New publication for developing novel tool to study axonal biology and pathology

Researcher in the lab

 

A novel chip for studying axonal biology and damage was developed as a part of the Centre of Excellence in Body-on-Chip Research. The research was done in the collaboration with the researchers from Neurogroup led by Adj. Professor Susanna Narkilahti, Micro-and Nanosystems research group led by Professor Pasi Kallio and Smart Photonic Materials research group led by Professor Arri Priimägi.

The developed chip allows isolated and directional axonal growth of human pluripotent stem cells (hPSC)-derived neurons that makes the research of axons more feasible. We have combined microfluidic chip with an azobenzene-based substrate material.

The structure of the 3D3C chip is presented
The figure presents a novel engineered microfluidic 3D3C chip with azobenzene‐based DR1 glass material. 3D3C chip is used to get isolated axonal growth and DR1 glass enables the directional axonal growth of human pluripotent stem cell‐derived neurons. The combination of these techniques is essential to gain a chip model for axonal injury studies. This image was originally published in Ristola et al., Advanced Materials Interfaces 2021 (DOI: 10.1002/admi.202100048) and it was distributed under the terms of the Creative Commons CC BY license.

 

In the microfluidics polydimethylsiloxane (PDMS)-based chip axons can passage between the compartments via microtunnels. Conventionally, hPSC-derived neurons tend to grow their axons in the random orientation making the axon-specific research challenging. For detailed and precise axonal studies, it is important that isolated axons would grow in the aligned, unidirectional manner, which is not achieved at least for human hPSC neurons without additional surface modifications.

To guide the axonal growth, we integrated the azobenzene-containing material DR1-glass into microfluidic chip. Azobenzene is a light-responsive material and in response to structured light irradiation, this material can reversibly change its surface topography due to azobenzene photoisomerization. Patterned nanogrooves were patterned in the DR1 glass that enabled the directional growth of the axons.

We showed that developed chip resulted superior axonal isolation and alignment in the desired direction, which  was maintained  for  at least  six weeks.  As a proof-of-concept study, we modeled axonal damage using oxygen-glucose deprivation (OGD) treatment and showed quantifiable degeneration of axons.
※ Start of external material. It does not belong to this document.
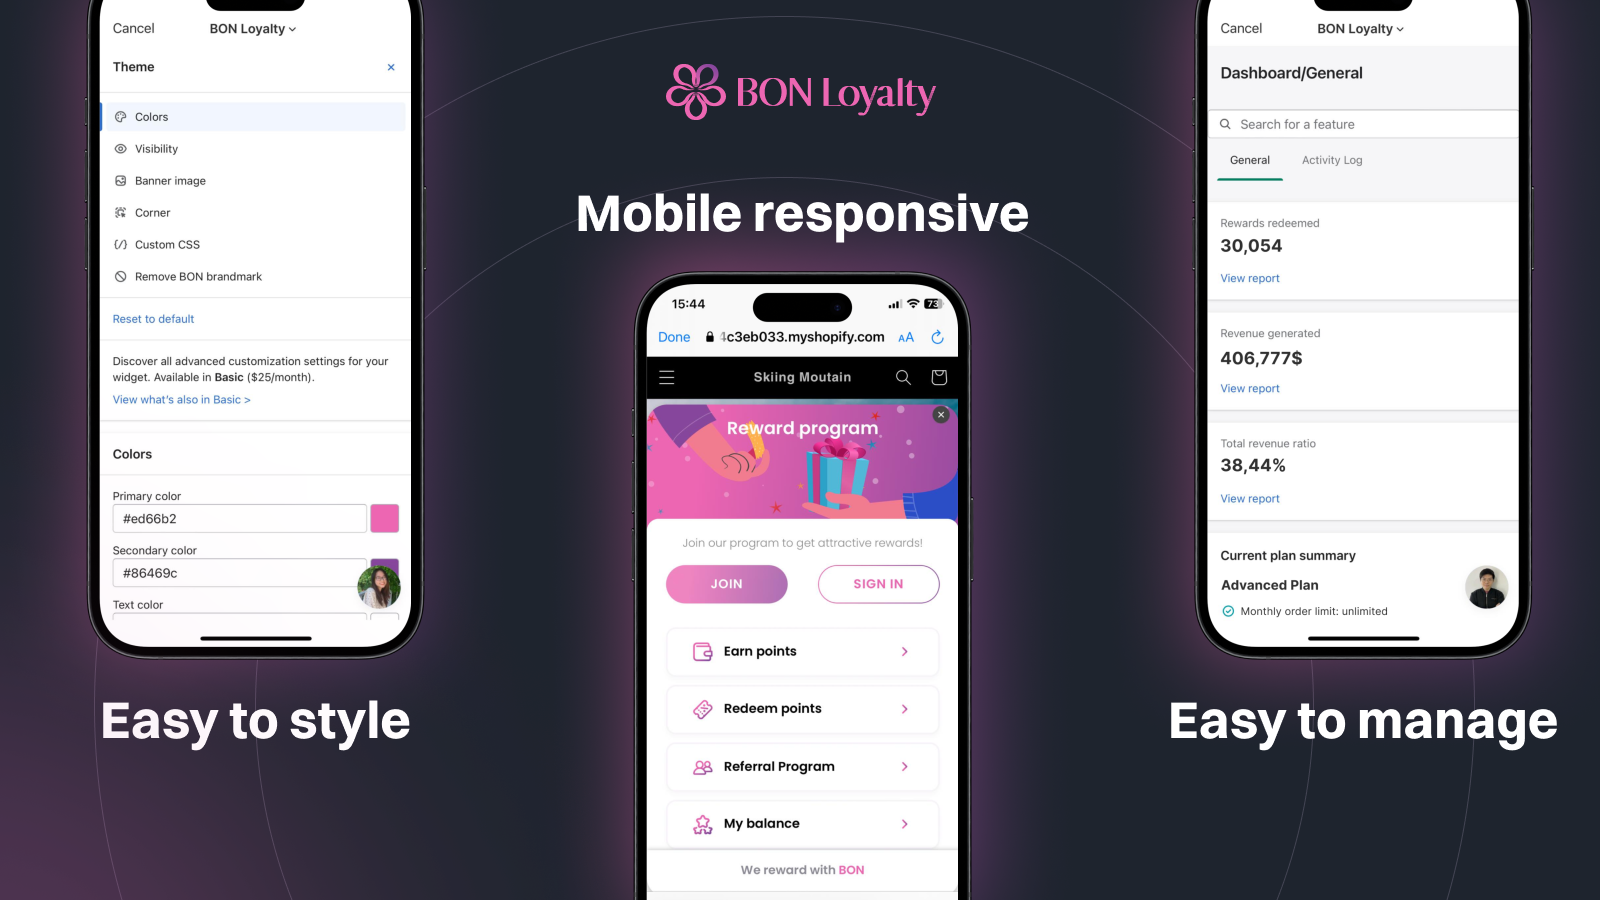 BON Loyalty provide mobile-responsive user interface

This is a relevant in vitro model for axon-targeted research that combines both axonal isolation from somas using a microtunnel technique and axonal alignment using an interference lithography technique for patterned DR1-glass resulting in the compartmentalized aligned axons.

A published paper is now available in Advanced Materials interfaces

Mervi Ristola, Chiara Fedele, Sanna Hagman, Lassi Sukki, Fikret Emre Kapucu, Ropafadzo Mzezeva, Tanja Hyvärinen, Pasi Kallio, Arri Priimagi, Susanna Narkilahti. Directional Growth of Human Neuronal Axons in a Microfluidic Device with Nanotopography on Azobenzene-Based Material. Advanced Materials interfaces2021, DOI:  10.1002/admi.202100048

This work was supported by the Academy of Finland (grants 296415, 312414, 312411, 332693, and 33070), Business Finland (Human  Spare Parts  project), the Finnish Cultural Foundation, Emil Aaltonen Foundation, Orion  Research Foundation, The  Päivikki  and  Sakari  Sohlberg  Foundation, Instrumentarium Science Foundation.